Pope Francis has arrived in Chile on a visit overshadowed by child sexual abuse accusations against almost 80 members of Chilean clergy.
Some priests have been convicted by the Vatican's court, but protests against an alleged cover-up are expected during the pontiff's three-day stay.
The highlight of Francis' visit will be an open-air Mass in the capital Santiago on Tuesday.
The Pope will also meet victims of Augusto Pinochet's dictatorship.
The 81-year-old Argentine pontiff will then travel to Peru on Thursday.
This is Francis' first visit to Chile since he became pope in 2013.
He was met by President Michelle Bachelet at Santiago's airport on Monday.
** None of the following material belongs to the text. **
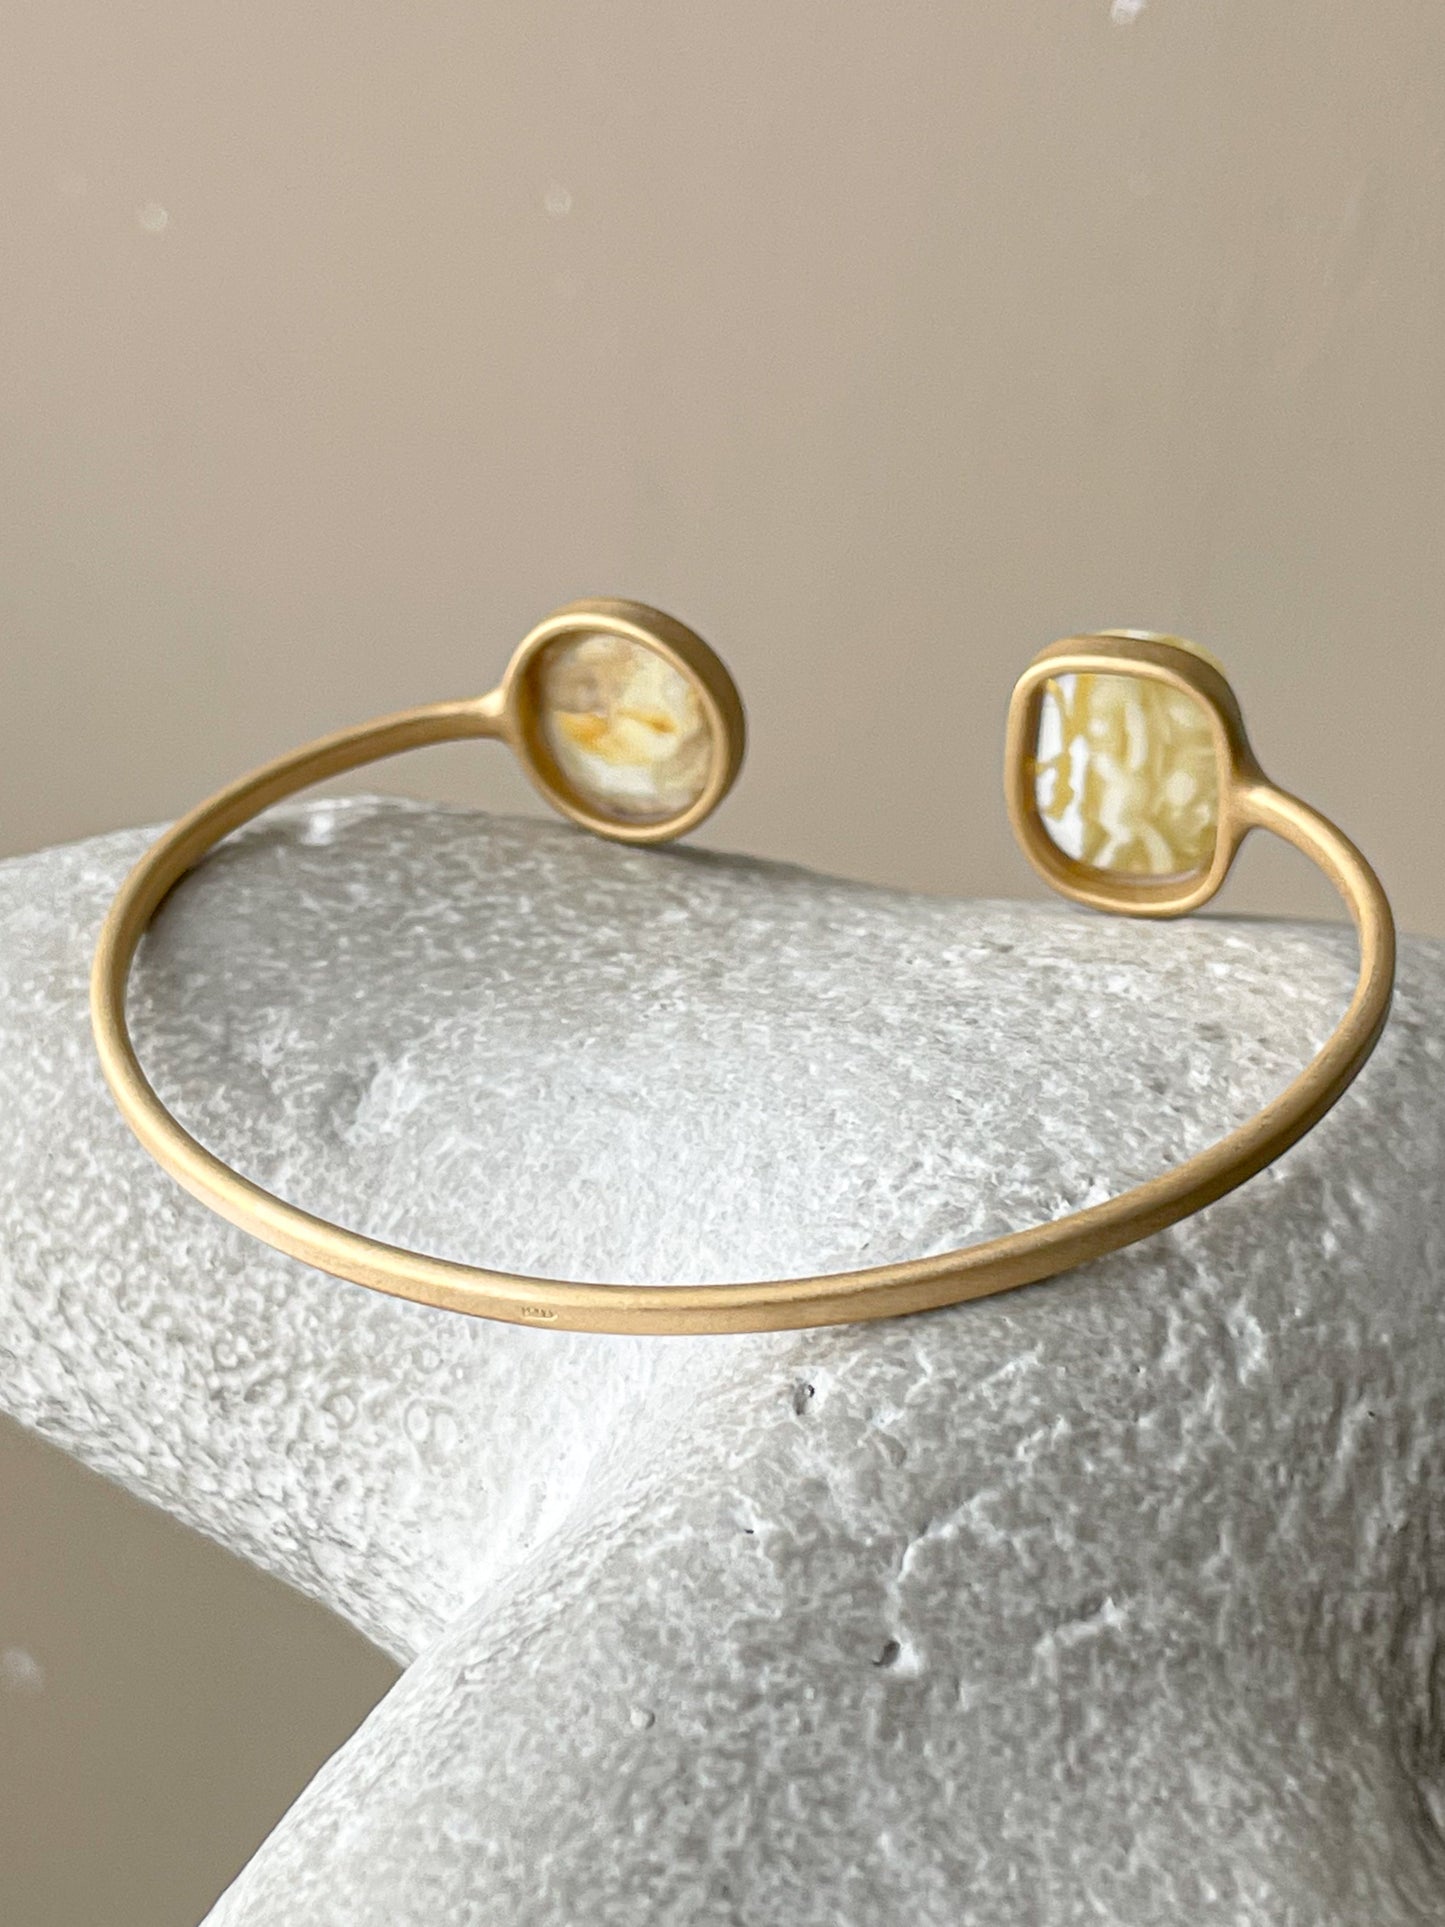 Amber bracelet - Gold plated silver - Cuff bracelet collection - Size 7

Ahead of his arrival, several churches in the country were attacked or vandalised.
When recently asked to evaluate Pope Francis on a scale of 0 to 10, Chileans gave him a score of 5.3, the lowest ranking for any Pope.
Trust in the Roman Catholic Church as an institution fared even worse, polling at just 36% - the lowest in Latin America.
With such a low rating, it is not surprising that before boarding his plane from Rome, the Pope asked his congregation to pray for him.
It is estimated that more than 60% of Chile's population identifies itself as Christian, and 45% belongs to the Roman Catholic Church.
It is the second most secular country in Latin America. Some 38% of Chileans regard themselves as agnostic, atheist or non-religious.